Я подержал ключи на ладони и вдруг сунул их в карман. Подняв руку, решительно нажал на кнопку звонка, выдав три фирменных коротких позывных. Дверь мгновенно распахнулась. На пороге стояла Маруся. В ночнушке, босиком, опустив вдоль тела худые, узловатые руки, она испытующе глядела на меня. Я снял фуражку и молча смотрел в ответ. И ее лицо вдруг осветилось улыбкой – медленно, начиная с радужки, захватывая голубоватые белки глаз, подсвечивая щеки, губы, растягивающиеся в нежной улыбке. Глядя на нее, я вдруг понял, на что похож тысячу раз виденный мною в полете рассвет. Мне стало очень спокойно, очень легко – я, наконец, вернулся домой…

– Чистый белок. – Надя ловко поставила перед Женей поднос с едой, задев его плечо грудью. – Очень полезно для мужской силы.

Женя засмеялся и с опаской покосился на капитана. Но тот сидел неподвижно, в странном оцепенении, уставившись перед собой.

– Андрей Сергеевич!

Медленно, словно в кино, он вдруг повалился вперед.

– Товарищ капитан!

С усилием оторвав вцепившиеся в штурвал руки, Женя подхватил его под мышки и стащил на пол. Фуражка слетела с запрокинутой головы и откатилась в сторону. Женя аккуратно уложил капитана на пол в тесной кабине. Надя что-то кричала, мешала, и Женя грубо отпихнул ее локтем.
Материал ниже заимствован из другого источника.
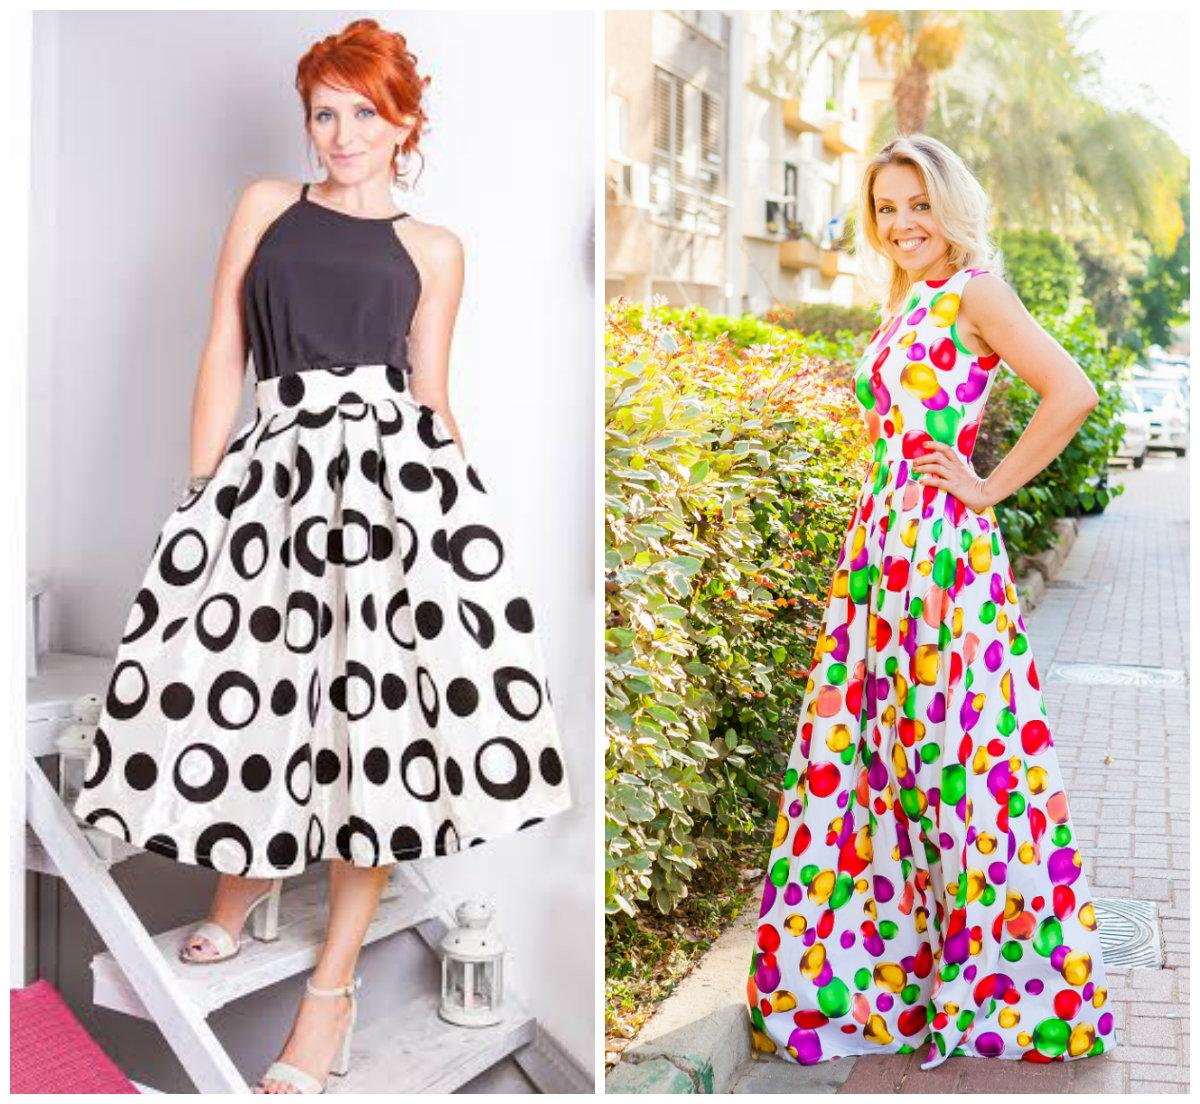 Мода для всех или стиль для себя: что выбрать? Советуют Елена Гладовски и Юлия Грин

– Какой ближайший аэропорт? – Он повернулся к штурману. – Срочно запрашивай экстренную посадку!

– Дышит?

Женя ничего не ответил и попытался расстегнуть китель негнущимися пальцами. Но ничего не получалось. Тогда он с силой рванул за ворот, и пуговицы с треском посыпались на пол.

Маруся стояла у окна в темной кухне, зябко поеживалась в тонкой ночнушке и, не отрываясь, смотрела на ведущую к подъезду дорожку. Она ждала…

Гуревич

Гуревич Н. Б., маленькая щупленькая учительница русского языка и литературы, работала в школе очень давно. Так давно, что даже старожил школы, уборщица тетя Нюра, пережившая вереницу завучей и колонну учеников, пришла уже после нее. Впрочем, определить возраст Гуревич было трудно. Вроде не старуха, но и не молодящаяся женщина средних лет. Биологичка, относящаяся как раз к последним и ожидающая сорокапятилетия, как дня Страшного суда, говорила вполголоса в учительской: «Совершенно не определяем. Совершенно».

Все, от первоклашек до директора школы, звали ее за глаза Гуревич. Протяжно-уважительное, предшествующее фамилии – вспоминалось с трудом. Она и вправду была больше Гуревич, нежели это неопределенное, не созвучное с ней – Н. Б. Худая, темноволосая с проседью, в перекрученных колготках и с неизменной сигаретой, которую если не курила, то крутила длинными узловатыми пальцами. Пепел был повсюду: осыпался на ее нелепые кримпленовые костюмчики, возвышался серыми холмиками во всем, что могло сойти хотя бы за дальних родственниц пепельниц, летел за ней звездной пылью. Вытравить гнусную привычку, неприемлемую для работников школьного учреждения, можно было только вместе с самой Гуревич: курение, так же как и фамилия, намертво въелось в образ. Впрочем, никто и не думал вытравливать. Ее не то чтобы любили, скорее жалели. Особенно Лидия Леонидовна – последний в тети-Нюриной веренице завуч – широкая, богатая телом женщина с зычным голосом и усатым мужем – учителем физкультуры. Леонидовне все время хотелось то ли накормить Гуревич, то ли поправить перекрученные колготки, а лучше выбросить вовсе: «Вон петля у вас справа спущена, никуда уже не годные… Хотите бутерброд с колбаской к чаю?» Ко всему прочему Гуревич при ходьбе припадала на левую ногу, травма там была давняя или операция неудачная, никто не знал, история тянулась из совсем уж допотопных времен. И тут у мужа-физкультурника сжималось сердце, когда сухонькая фигурка с ныряющей осью движения спешила по коридору на урок, и он провожал ее жалостливым взглядом.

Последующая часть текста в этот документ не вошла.